* Given data *
◇ ◇ ◇ ◇ ◇

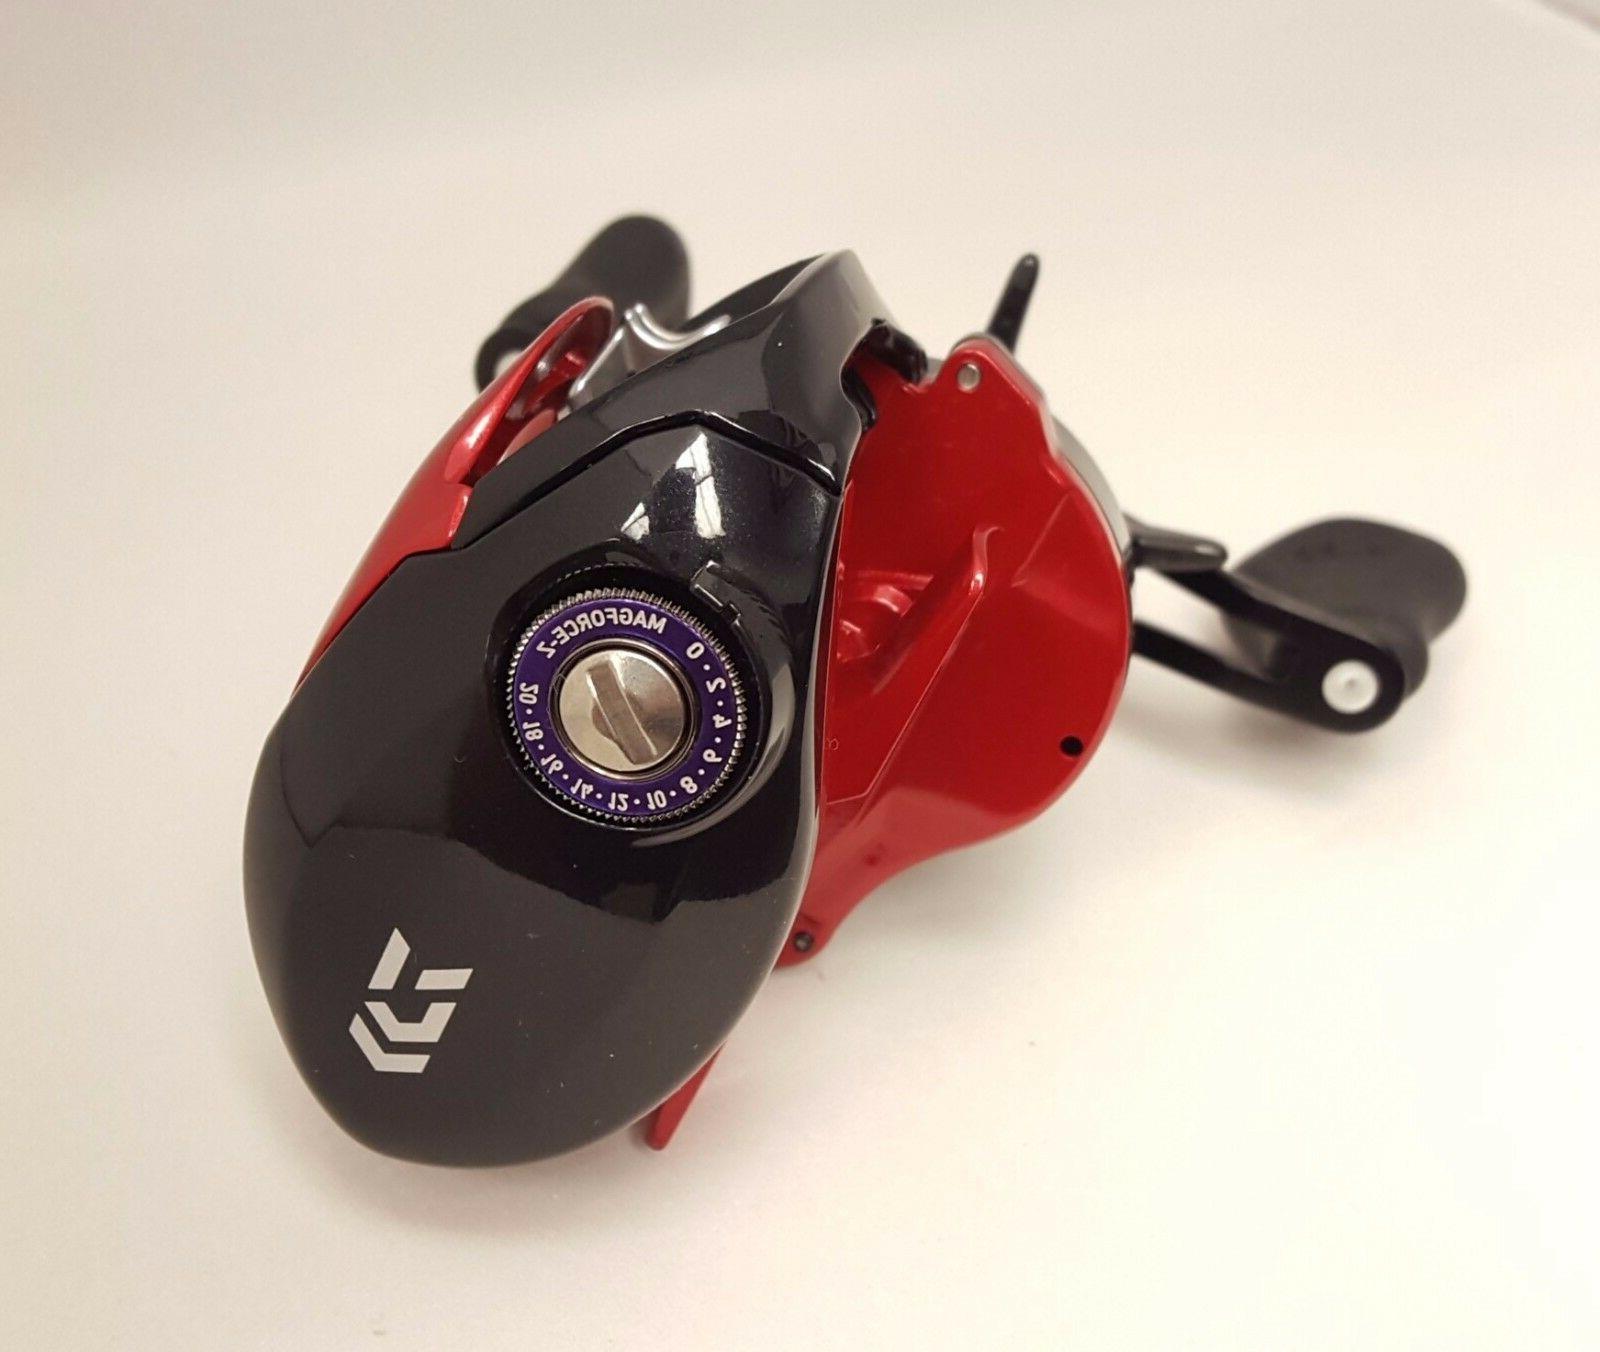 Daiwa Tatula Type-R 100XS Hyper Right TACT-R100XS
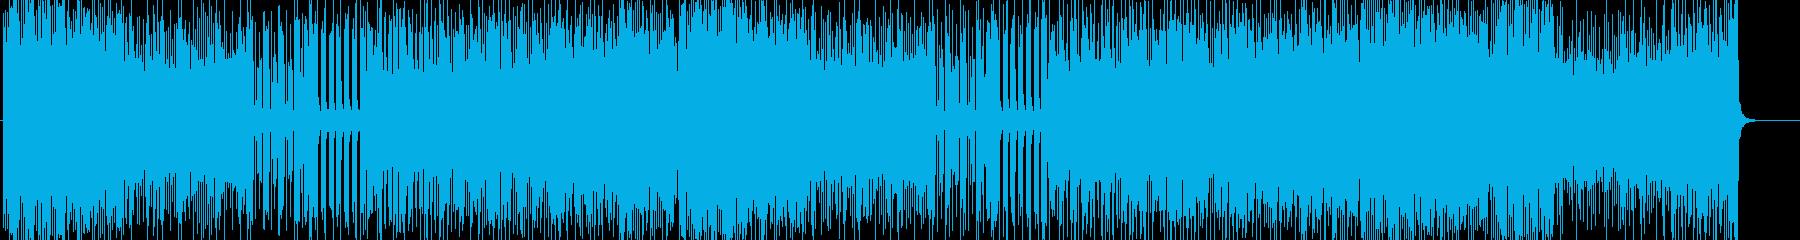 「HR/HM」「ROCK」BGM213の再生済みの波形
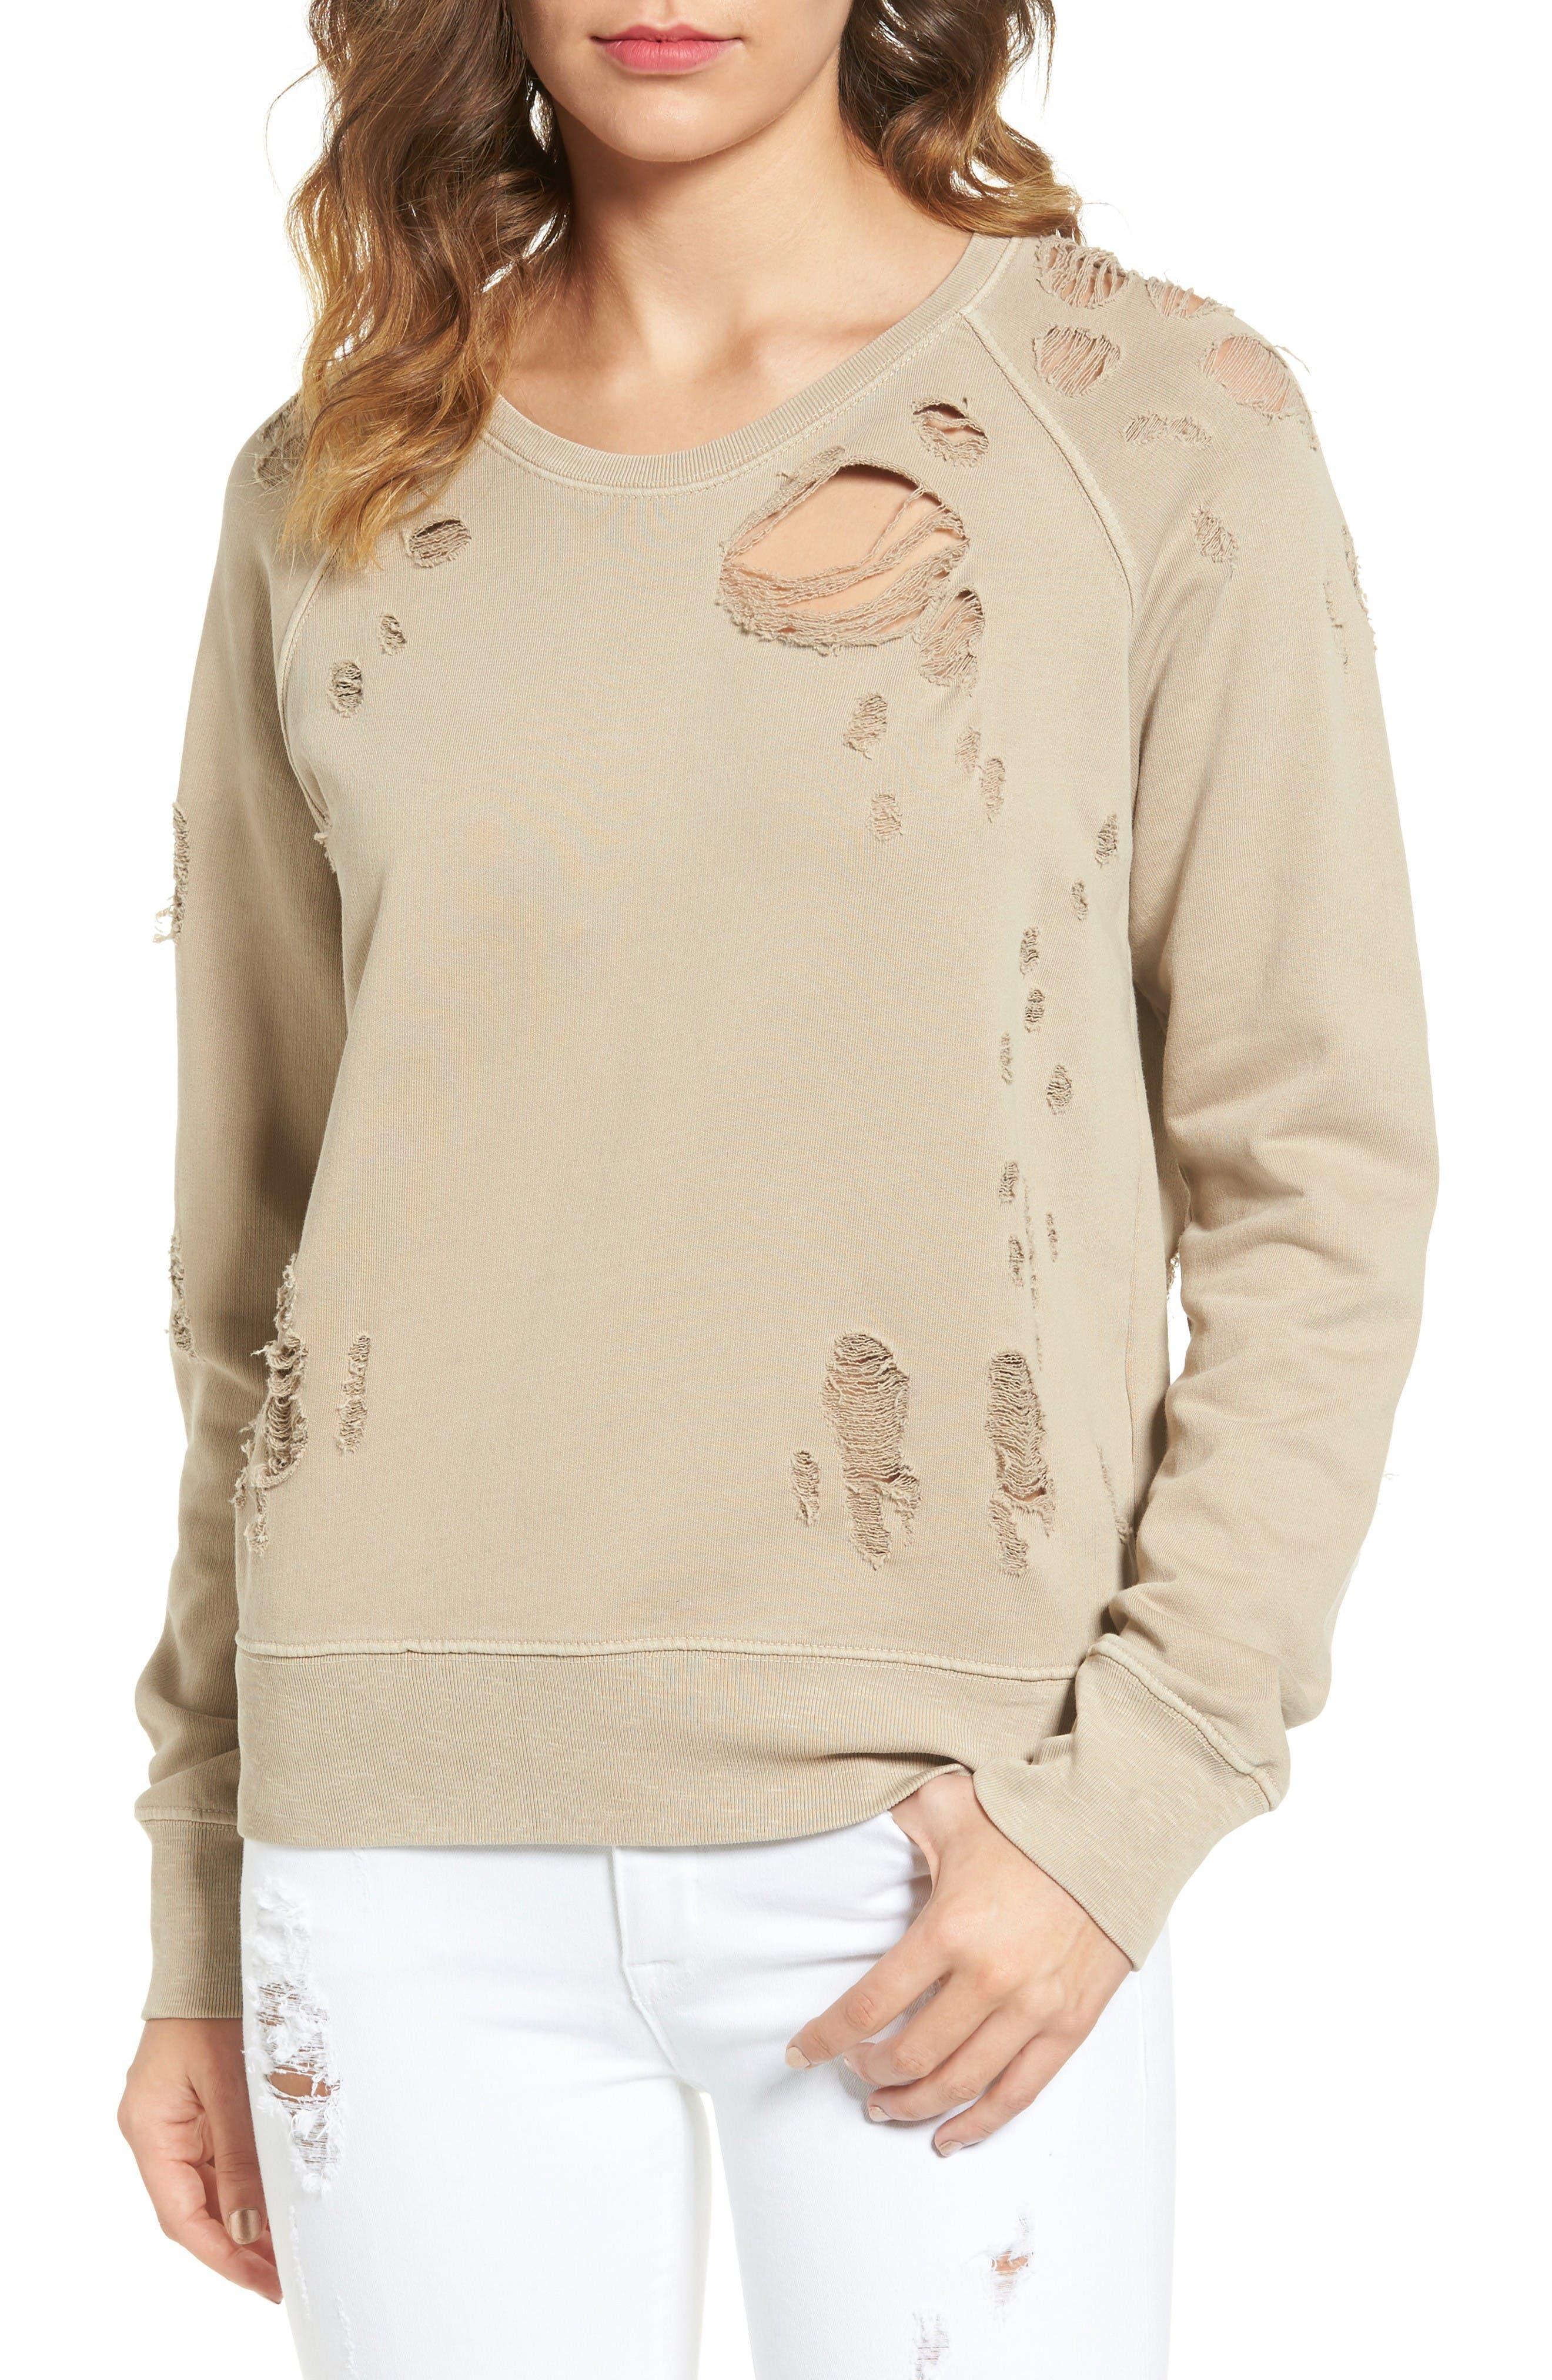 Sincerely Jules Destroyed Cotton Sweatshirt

◇ ◇ ◇ ◇ ◇

Could you retype each line of the material above exactly, skipping the pictures?

* Answer box *
 Daiwa Tatula Type-R 100XS Hyper Right TACT-R100XS
 「HR/HM」「ROCK」BGM213の再生済みの波形
 Sincerely Jules Destroyed Cotton Sweatshirt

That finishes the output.